Lyndsey Vaux murder trial: Are mum and daughter duo evil or damaged?

Lyndsey Vaux
Lyndsey Vaux

Is Becky Reid a lying murderer or the victim of a severe mental health condition?

This is the question asked of the jury in Lyndsey Vaux’s murder trial as six weeks of evidence draws to a close.

Prosecution and defence barristers gave closing speeches at Manchester Crown Court yesterday, after presenting all of their witnesses and evidence.

Daughter and mother duo, Becky Reid aged 32 and 57-year-old Gillian Reid, are both charged with the murder of the 30-year-old single mum from Stockport.

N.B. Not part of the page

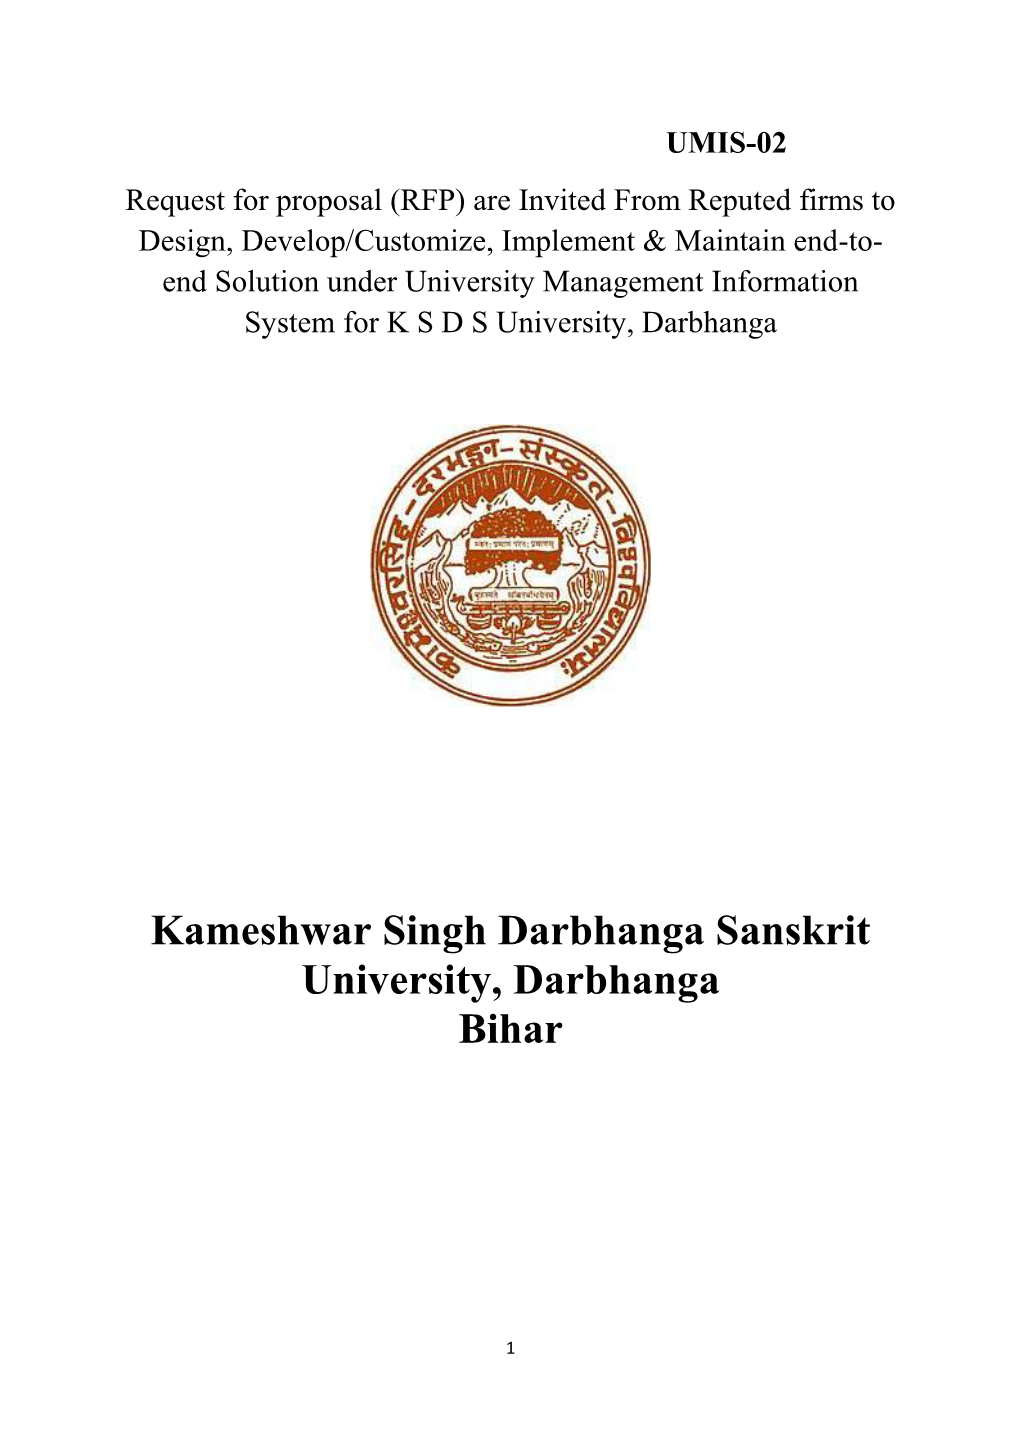 Kameshwar Singh Darbhanga Sanskrit University, Darbhanga Bihar

Mr Paul Reid QC, for the prosecution has asked the jury to consider if Becky Reid subjected her former lover to “cruel and violent behaviour” while Mr

Simon Csoka QC has posed the question of whether, if found guilty, Reid should be considered for diminished responsibility due to a “severe personality disorder”.

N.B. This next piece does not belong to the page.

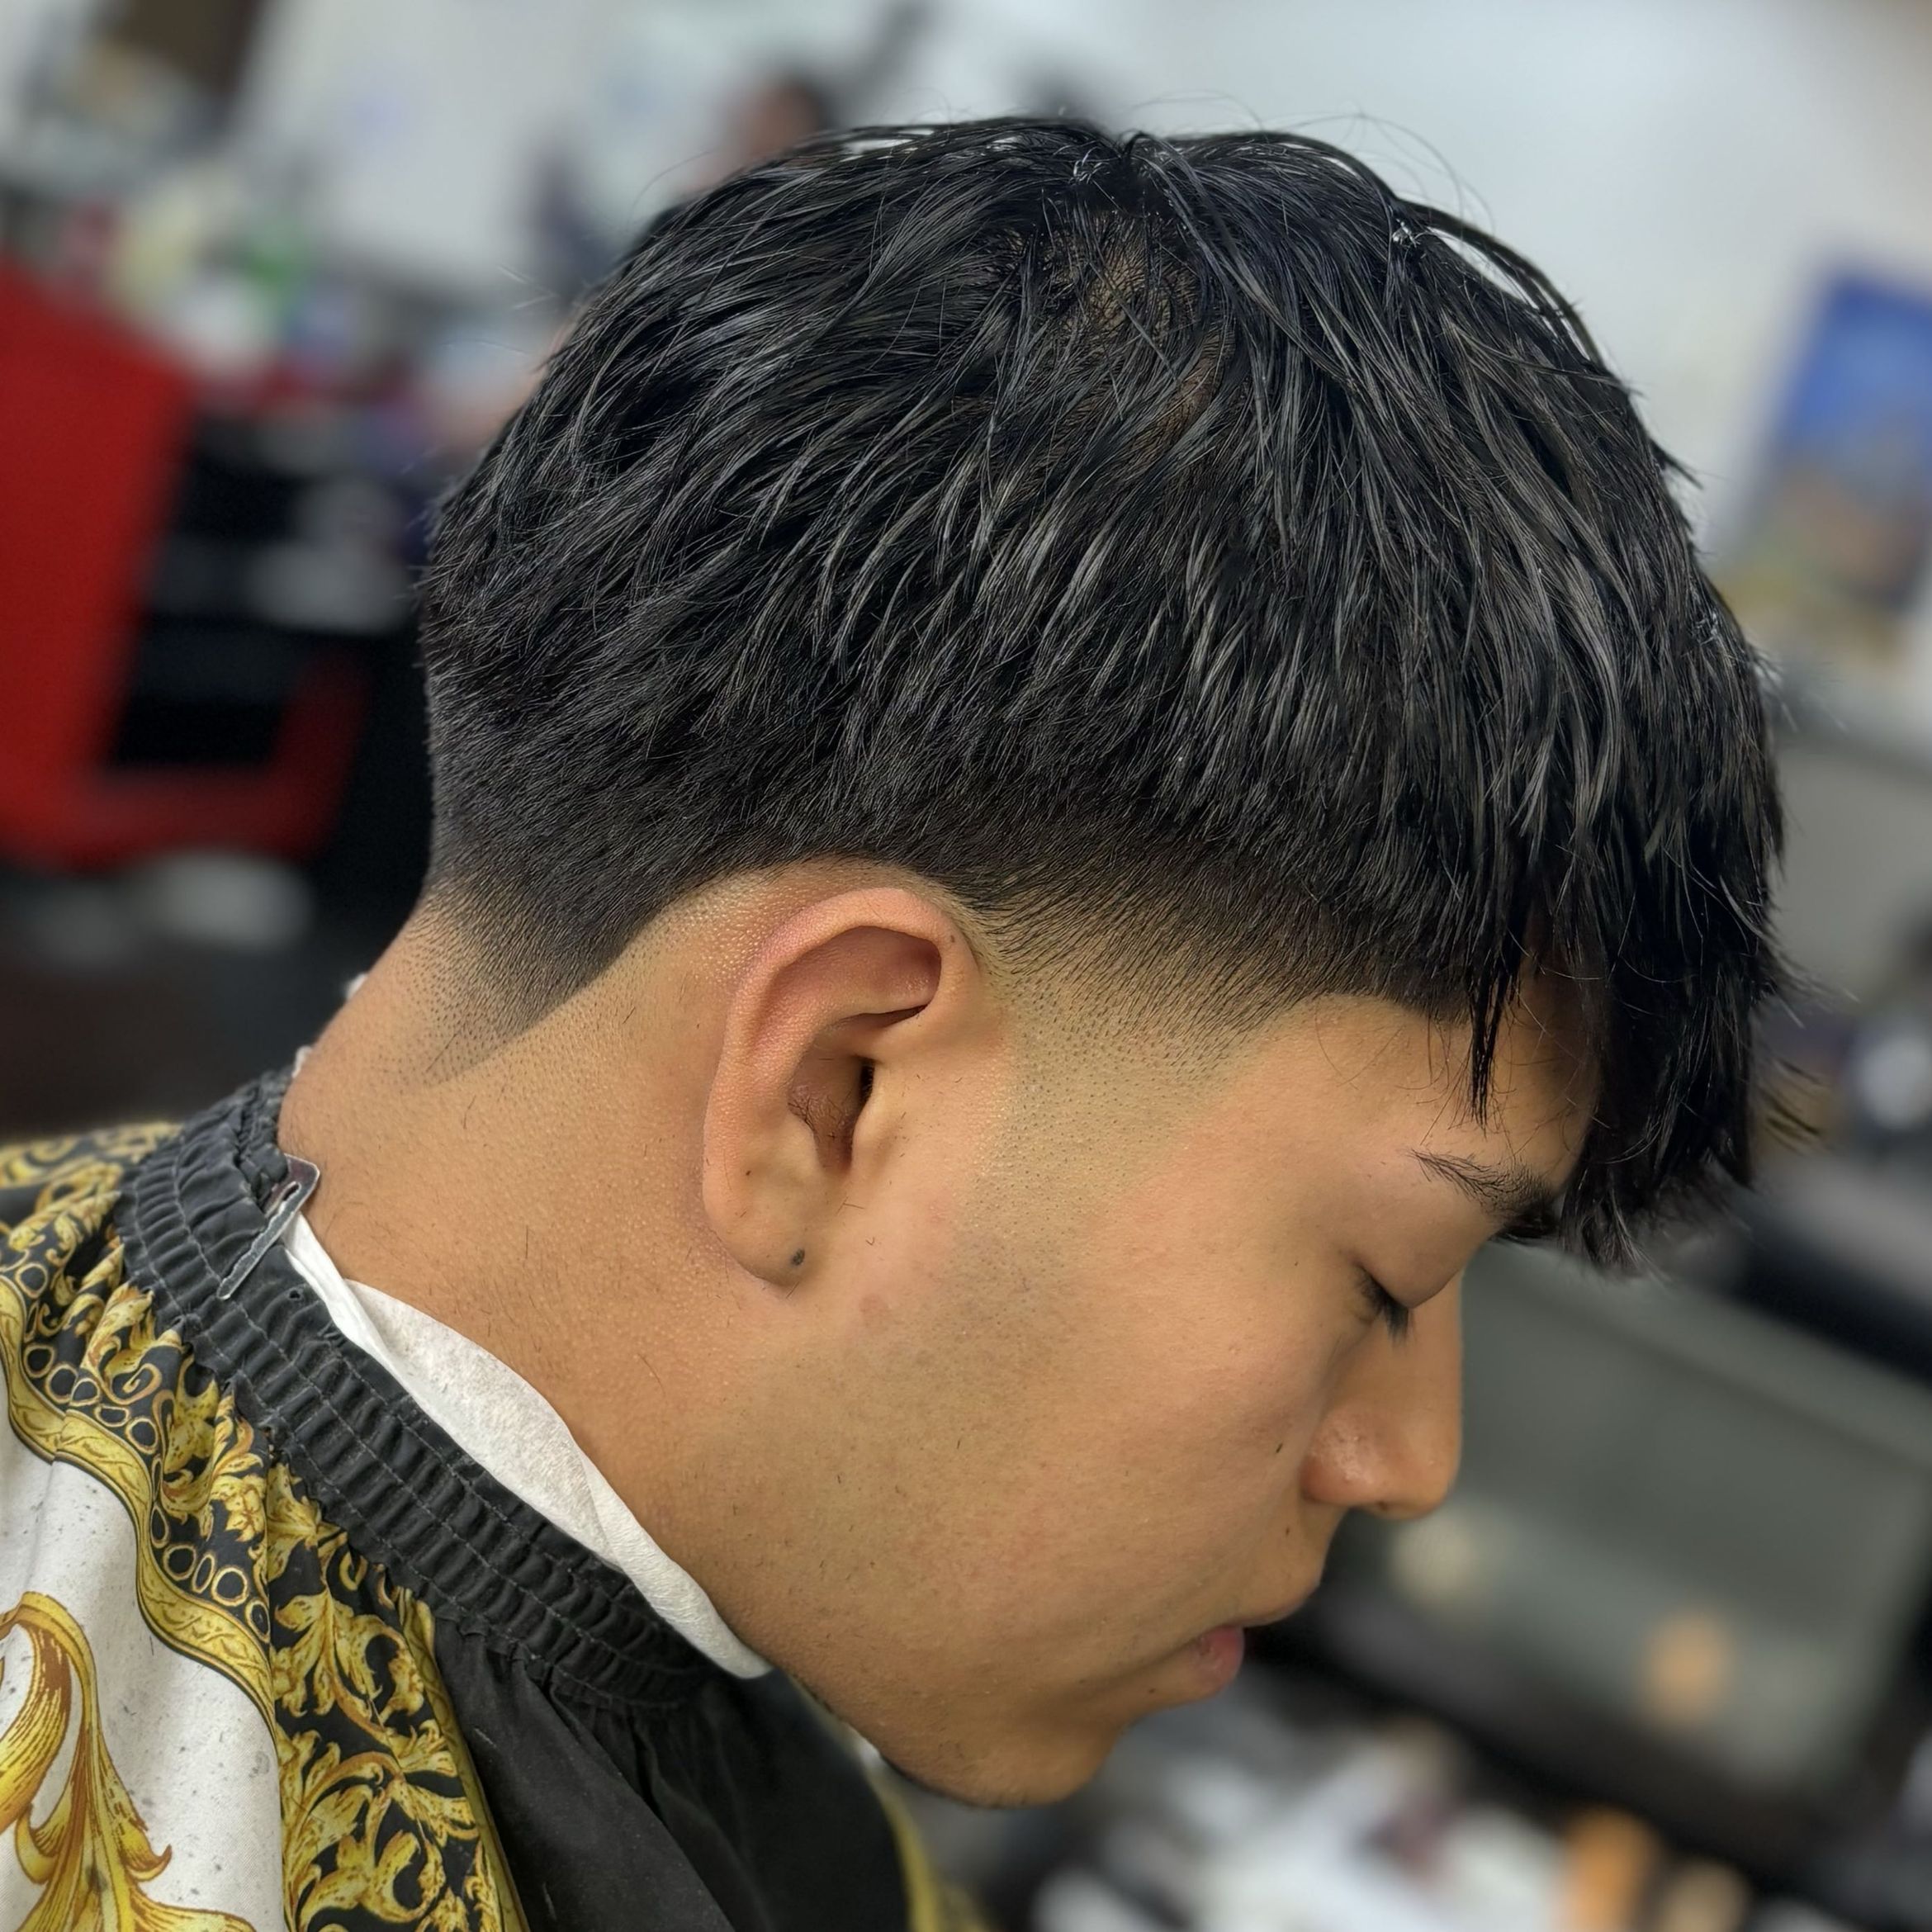 Corte/Haircut portfolio

As the trial draws to a close in its sixth week, both prosecution and defence barristers have reminded the 12 jurors of the strongest aspects of their arguments regarding Becky Reid, 32, and Gillian Reid, 57, who are both accused of murdering the 30-year-old single mother.

Witnesses called by both sides have taken the stand over the course of the trial, giving evidence as to what they saw in the weeks, months and even years leading up to the single mum’s death back in May 2016 and also to an assault of Becky Reid’s ex Samantha Newns.

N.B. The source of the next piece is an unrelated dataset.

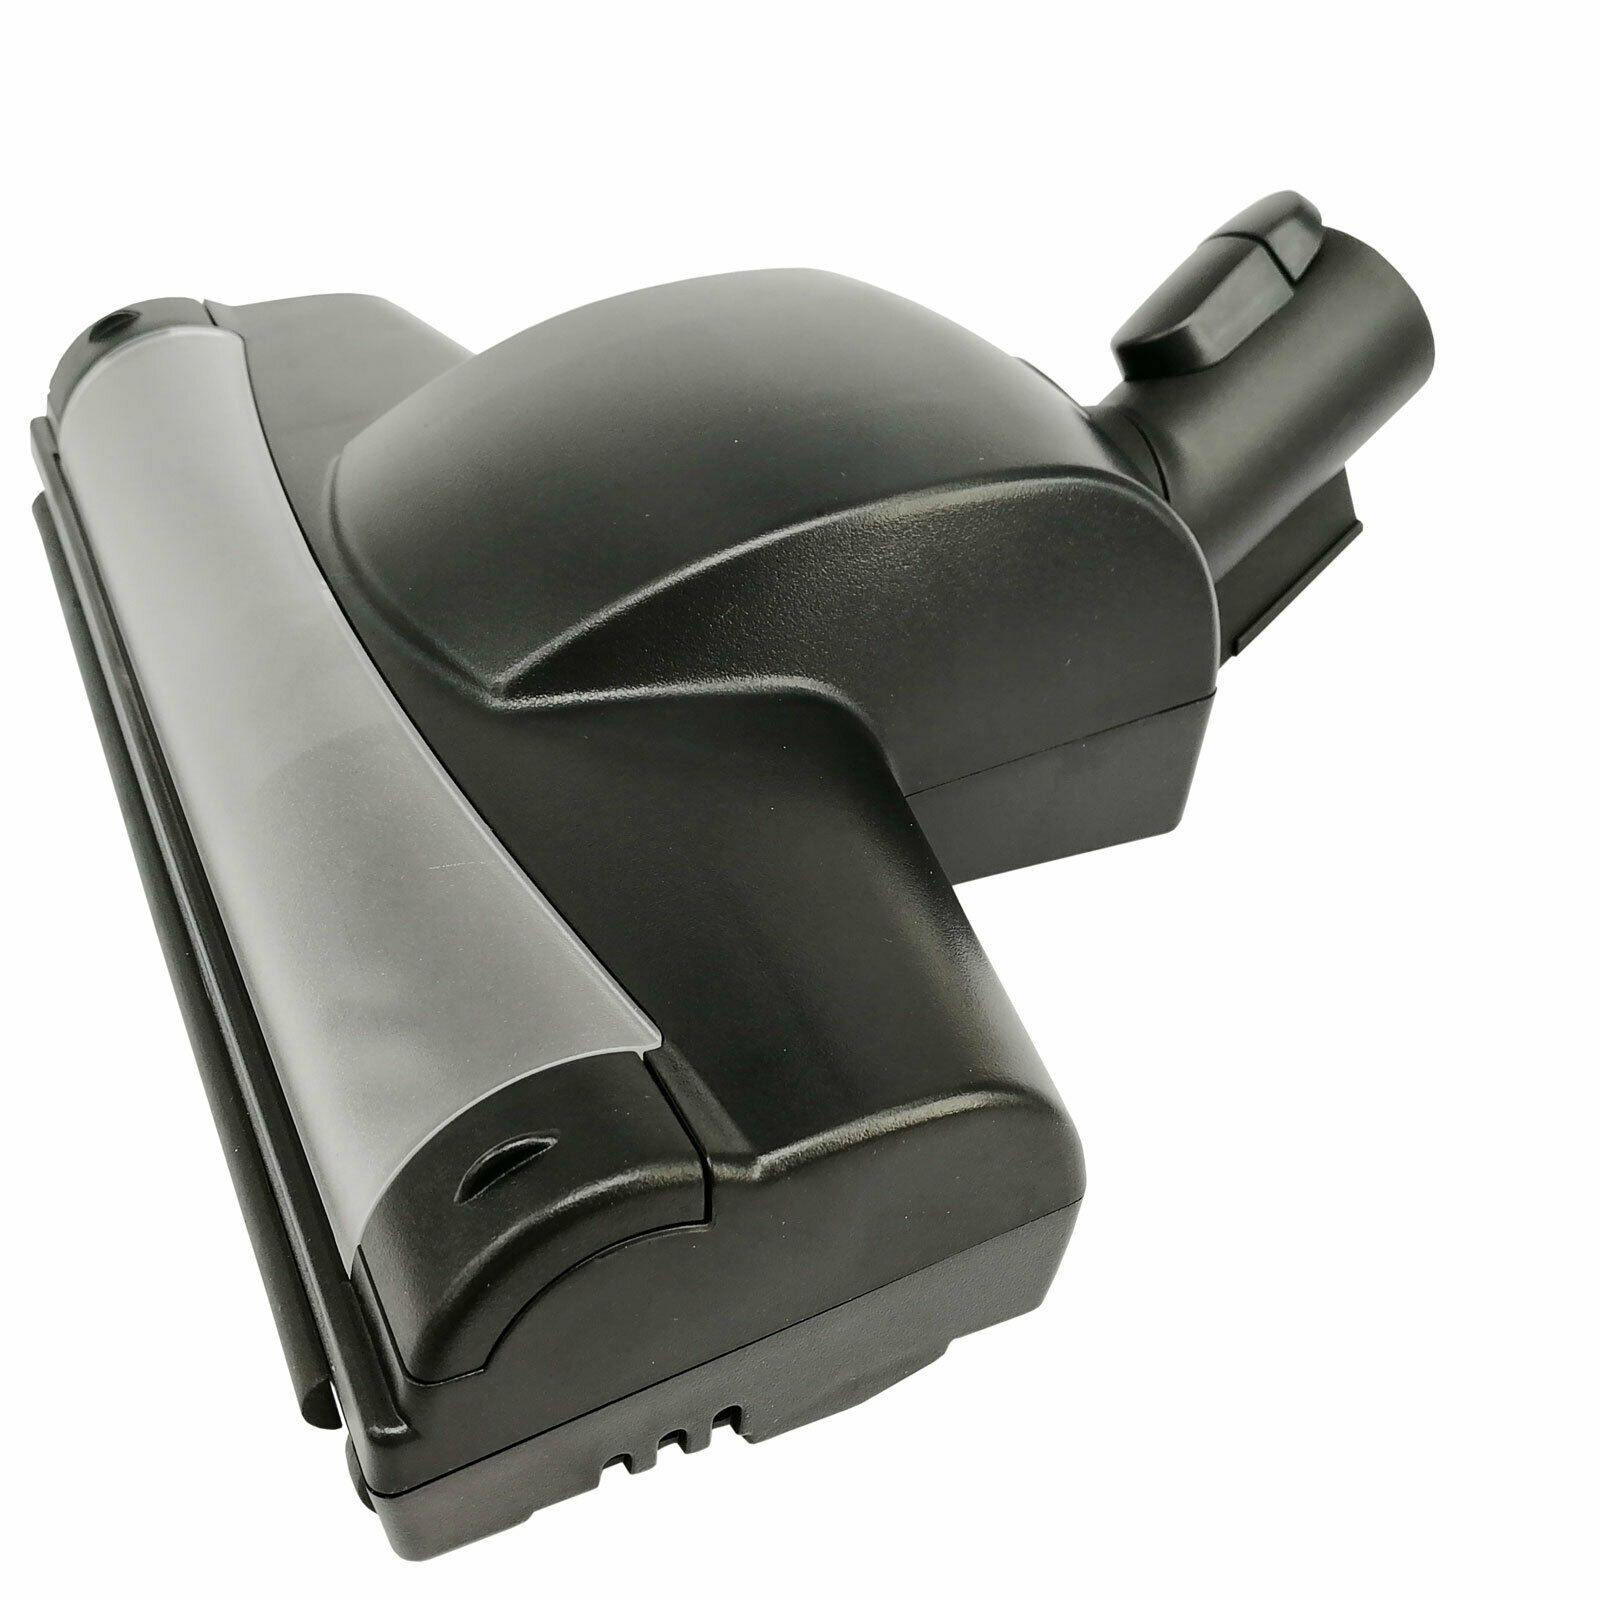 Interlock Turbo Floor Head Nozzle Tool For Miele COMPLETE C2 C3 S2 S5 S8 S8310 Sparesbarn

Prosecution barrister, Paul Reid QC, told the jury in his closing statement, to consider the fact that Reid subjected her lovers to “controlling, abusive, cruel and violent behaviour” which in Lyndsey’s case got “worse in the last few years of her life. “She controlled, manipulated, humiliated and denigrated her partners and used violence towards them,” he said.

“Samanatha Newns did not have her eye socket broken by accident. Lyndsey Vaux did not die as a result of falling down the stairs or because of a thyroid condition, both were beaten by Becky Reid, in this case over a substantial period of time.”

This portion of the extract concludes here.